When panic occurs, Intel PT logging is stopped to prevent it from
overwrite its log buffer. The registers of Intel PT are saved in the
memory on panic, they are needed for debugger to find the last position
where Intel PT wrote data.

Signed-off-by: Takao Indoh <[email protected]>
---
arch/x86/include/asm/intel_pt.h | 2 ++
arch/x86/kernel/crash.c | 9 +++++++++
2 files changed, 11 insertions(+), 0 deletions(-)
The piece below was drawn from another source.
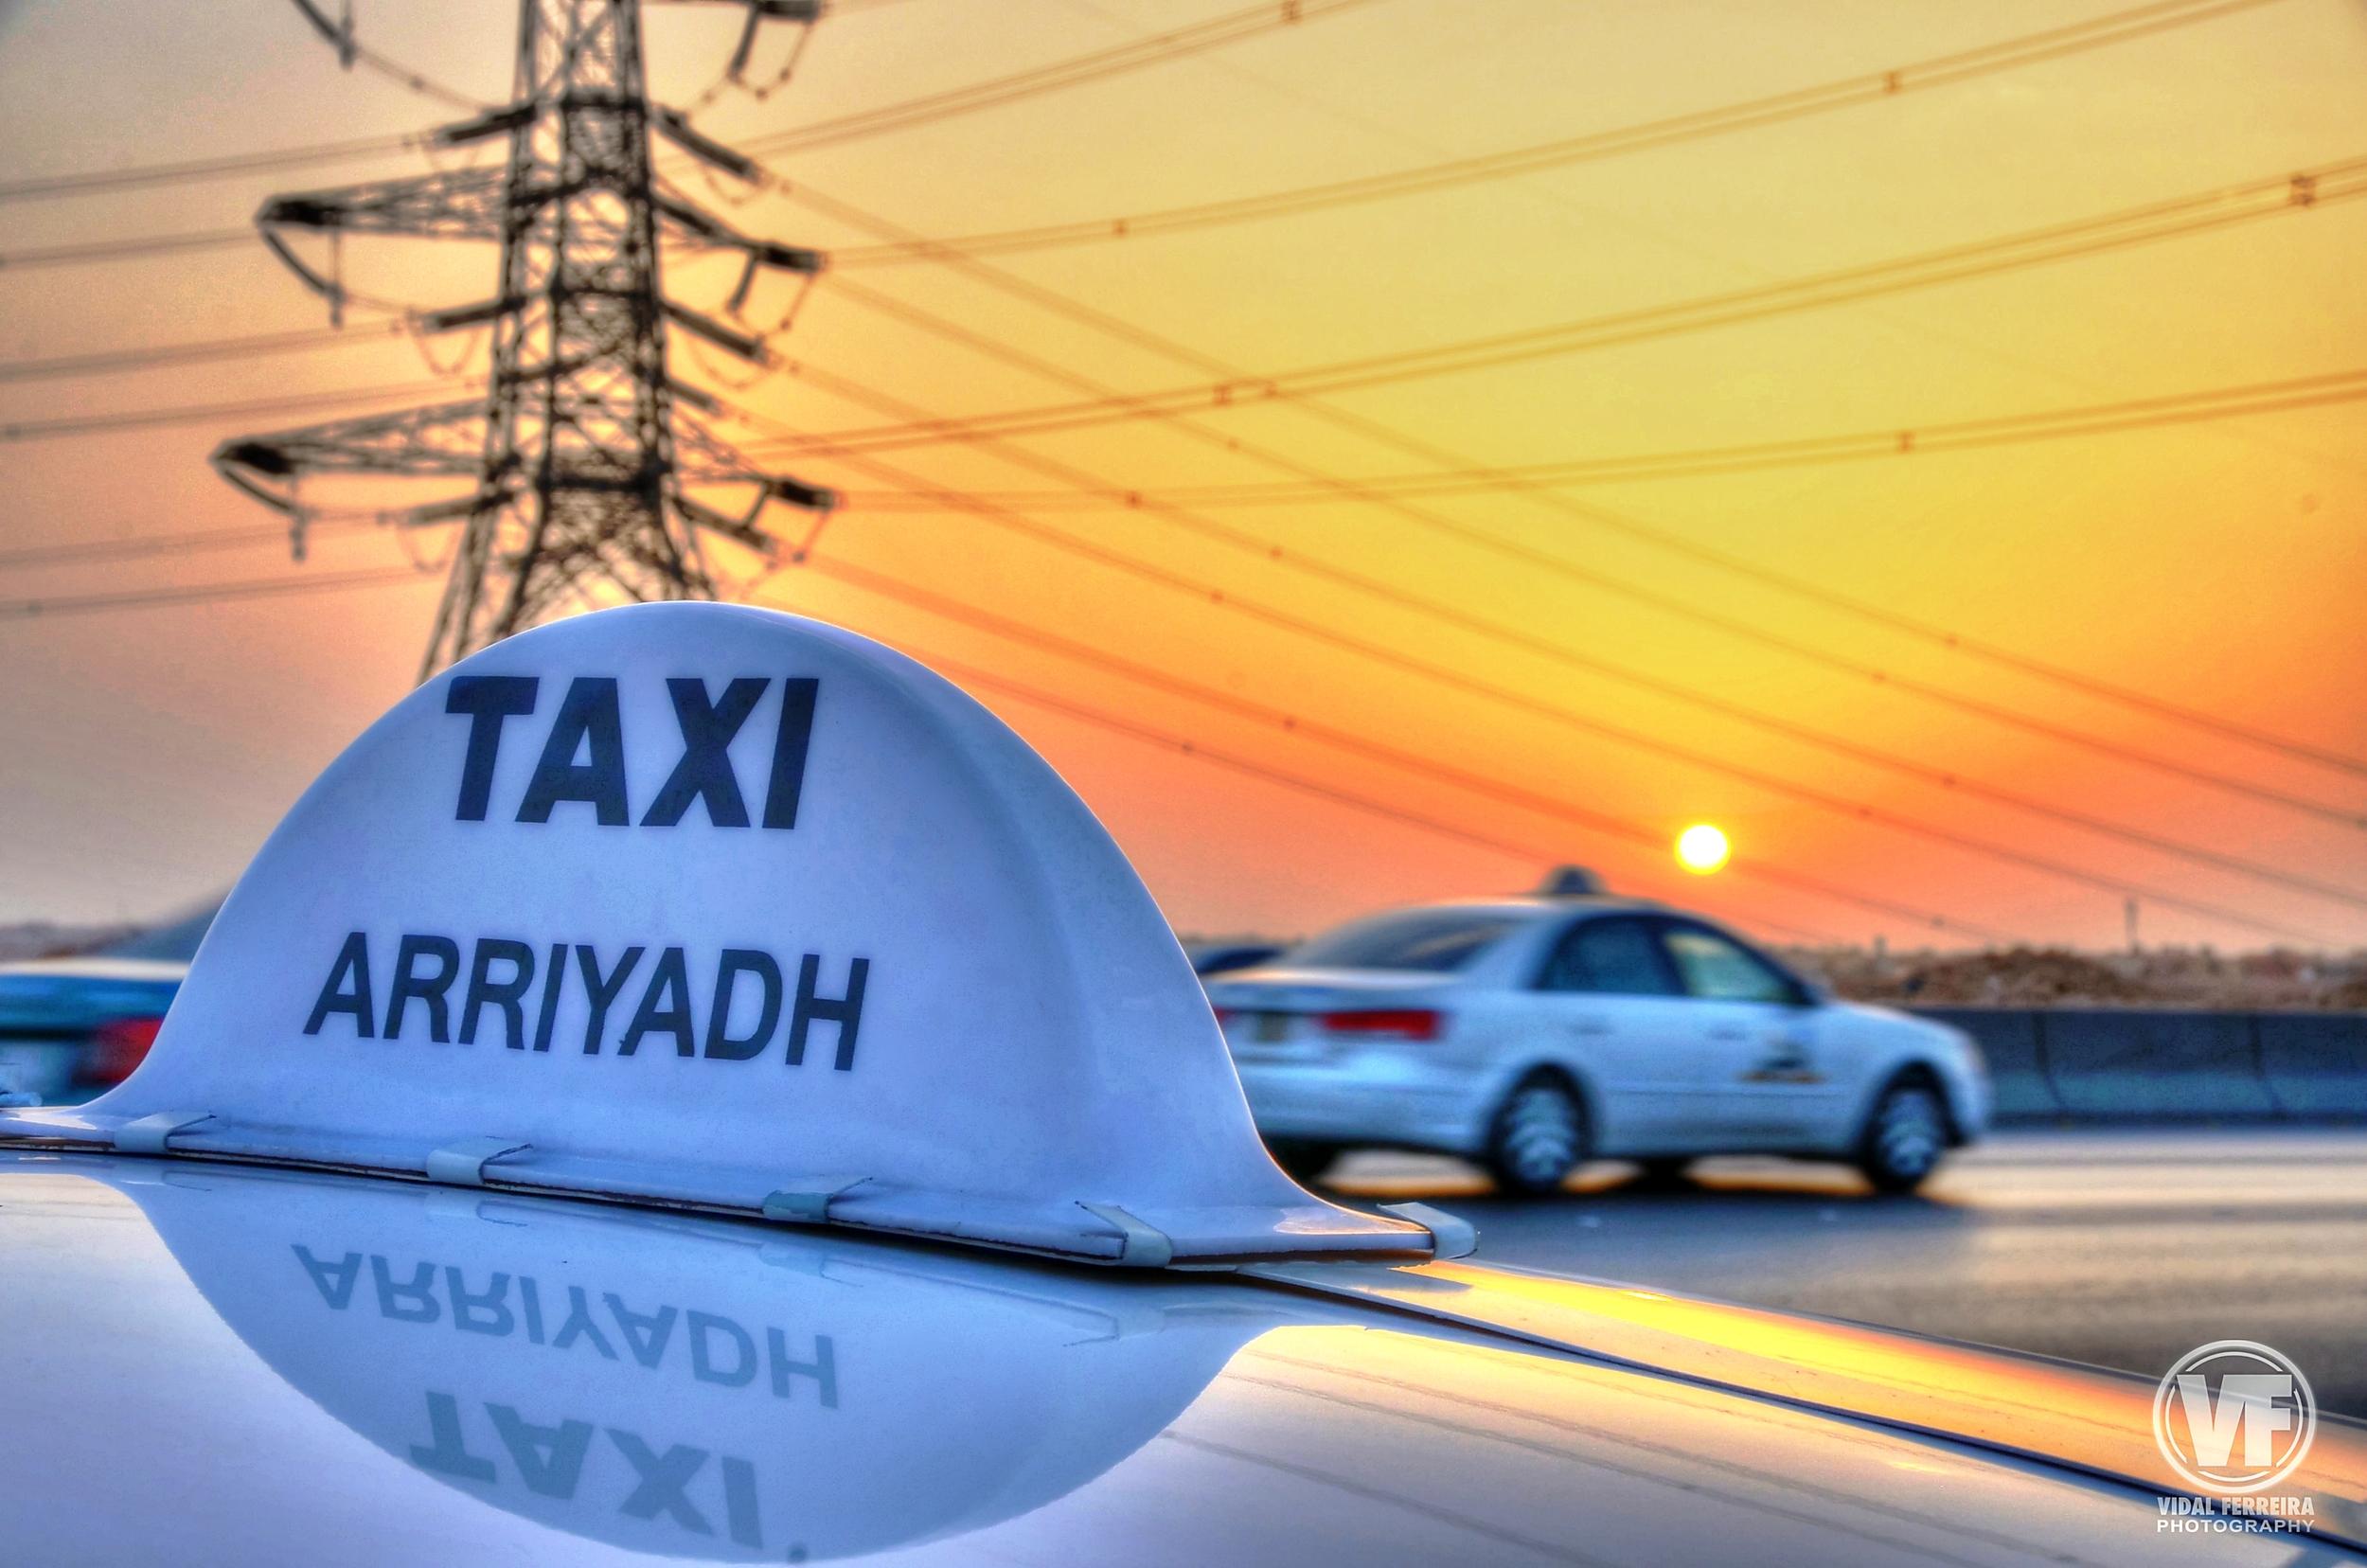 Taxi - Riyadh, Saudi Arabia

diff --git a/arch/x86/include/asm/intel_pt.h b/arch/x86/include/asm/intel_pt.h
index 7cb16e1..71bcd8d 100644
--- a/arch/x86/include/asm/intel_pt.h
+++ b/arch/x86/include/asm/intel_pt.h
@@ -79,4 +79,6 @@ u32 pt_cap_get(enum pt_capabilities cap);
const char *pt_cap_name(enum pt_capabilities cap);
int pt_cap_num(void);

+void save_intel_pt_registers(void);
+
#endif /* __INTEL_PT_H__ */
diff --git a/arch/x86/kernel/crash.c b/arch/x86/kernel/crash.c
index e068d66..953c086 100644
--- a/arch/x86/kernel/crash.c
+++ b/arch/x86/kernel/crash.c
@@ -35,6 +35,7 @@
#include <asm/cpu.h>
#include <asm/reboot.h>
#include <asm/virtext.h>
+#include <asm/intel_pt.h>

/* Alignment required for elf header segment */
#define ELF_CORE_HEADER_ALIGN 4096
@@ -127,6 +128,10 @@ static void kdump_nmi_callback(int cpu, struct pt_regs *regs)
cpu_emergency_vmxoff();
cpu_emergency_svm_disable();

+#ifdef CONFIG_X86_INTEL_PT_LOG
+ save_intel_pt_registers();
+#endif
+
disable_local_APIC();
}

@@ -172,6 +177,10 @@ void native_machine_crash_shutdown(struct pt_regs *regs)
cpu_emergency_vmxoff();
cpu_emergency_svm_disable();

+#ifdef CONFIG_X86_INTEL_PT_LOG
+ save_intel_pt_registers();
+#endif
+
#ifdef CONFIG_X86_IO_APIC
/* Prevent crash_kexec() from deadlocking on ioapic_lock. */
ioapic_zap_locks();
--
1.7.1

2015-07-29 05:44:30

by Alexander Shishkin

[permalink] [raw]
Subject: Re: [PATCH RFC 0/3] x86: Intel Processor Trace Logger

Takao Indoh <[email protected]> writes:

> Hi all,
>
> This patch creates log buffer for Intel PT and enable logging at boot
> time. When kernel panic occurs, we can get this log buffer from
> crashdump file by kdump, and reconstruct the flow that led to the panic.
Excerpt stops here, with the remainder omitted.